Gynecomastia usually involves hypertrophy of the fat and mass gland in men and occurs during puberty.
98% of the cases do not imply a hormonal disorder, but are the result of a hormonal failure during puberty when the sexes begin to hormonally differentiate and form secondary gender characters.
The best is when the problem first appears be checked by the endocrinologist to rule out any hormonal problem. Many times boys who have this problem, in an attempt to camouflage it, are allowed to get fat so that the swelling of the breasts appears to be a result of the fat, but this will add an extra looseness to the skin in the event of weight loss.
The correction is surgical. Depending on the percentage of fat or mass gland in the breast, either liposuction or removal of the mass gland is recommended. In most cases, a semicircular incision is made in the lower half of the nipple and after the nipple is raised like a flap to the right thickness, the rest of the mass gland is removed.
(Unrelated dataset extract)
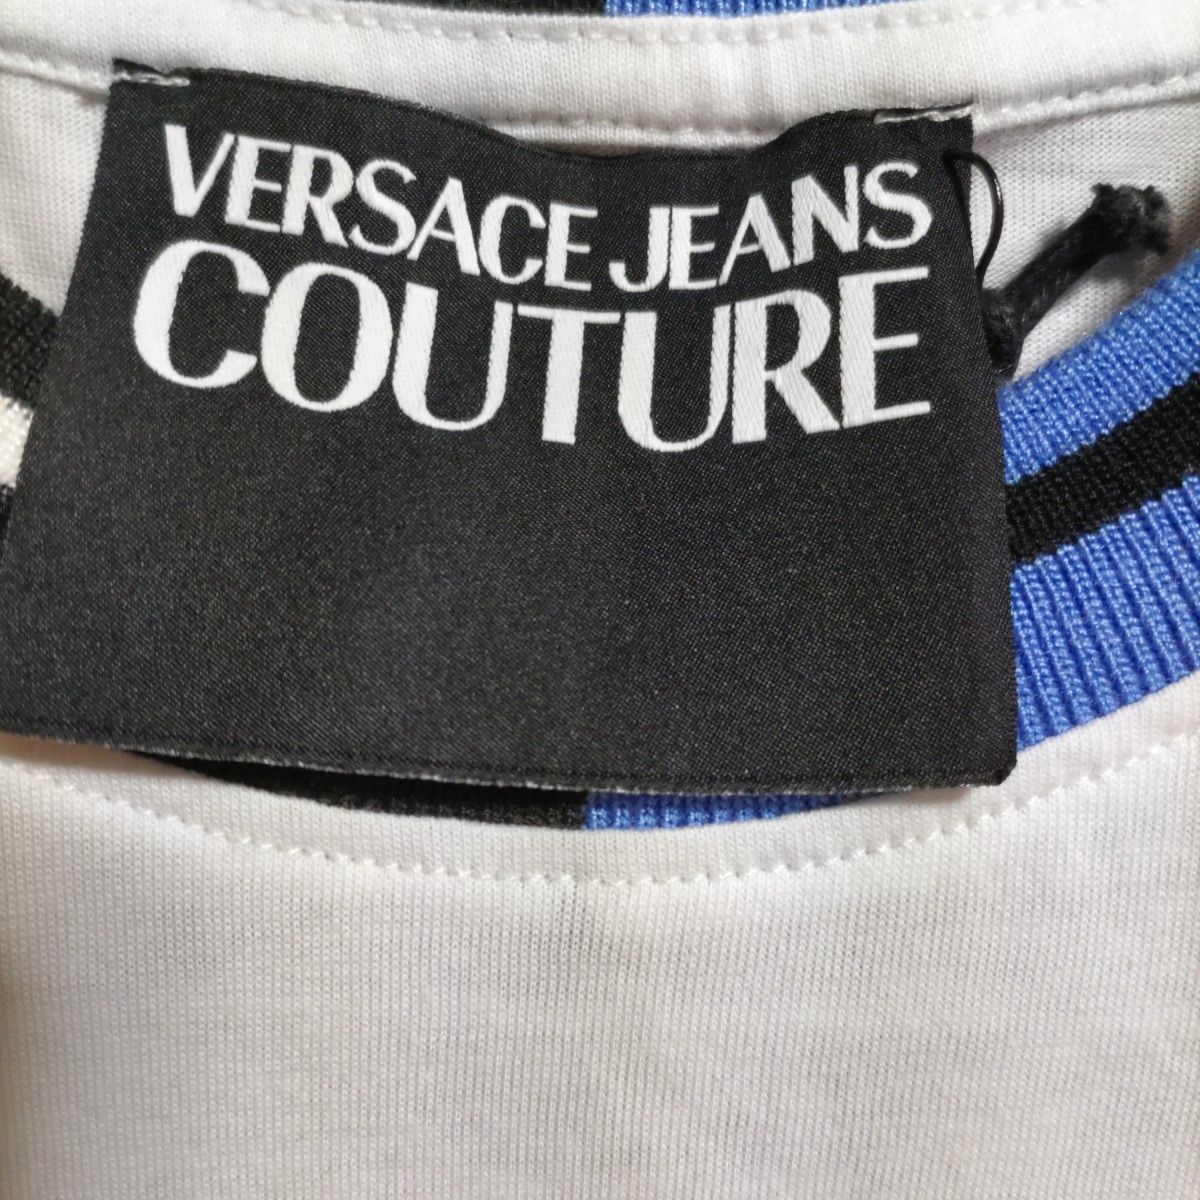 VERSACE JEANS COUTURE クルーネックTシャツ

In cases where there is also a lot of skin loosening, then a circular incision is made around the nipple and at the same time the breast is tightened.
Sedation is usually local or combined with intoxication and hospitalisation is from a few hours to a maximum of one day. The bandage is a special pressure bandage, it is not visible through the clothes and remains on the chest for 10 days, after which the stitches are removed.
The chest will take its final shape in 4 to 6 months when the swelling has completely subsided. The scars in most cases disappear almost completely and since most men have chest hair, they can appear after six months without fear of someone spotting traces of the surgery.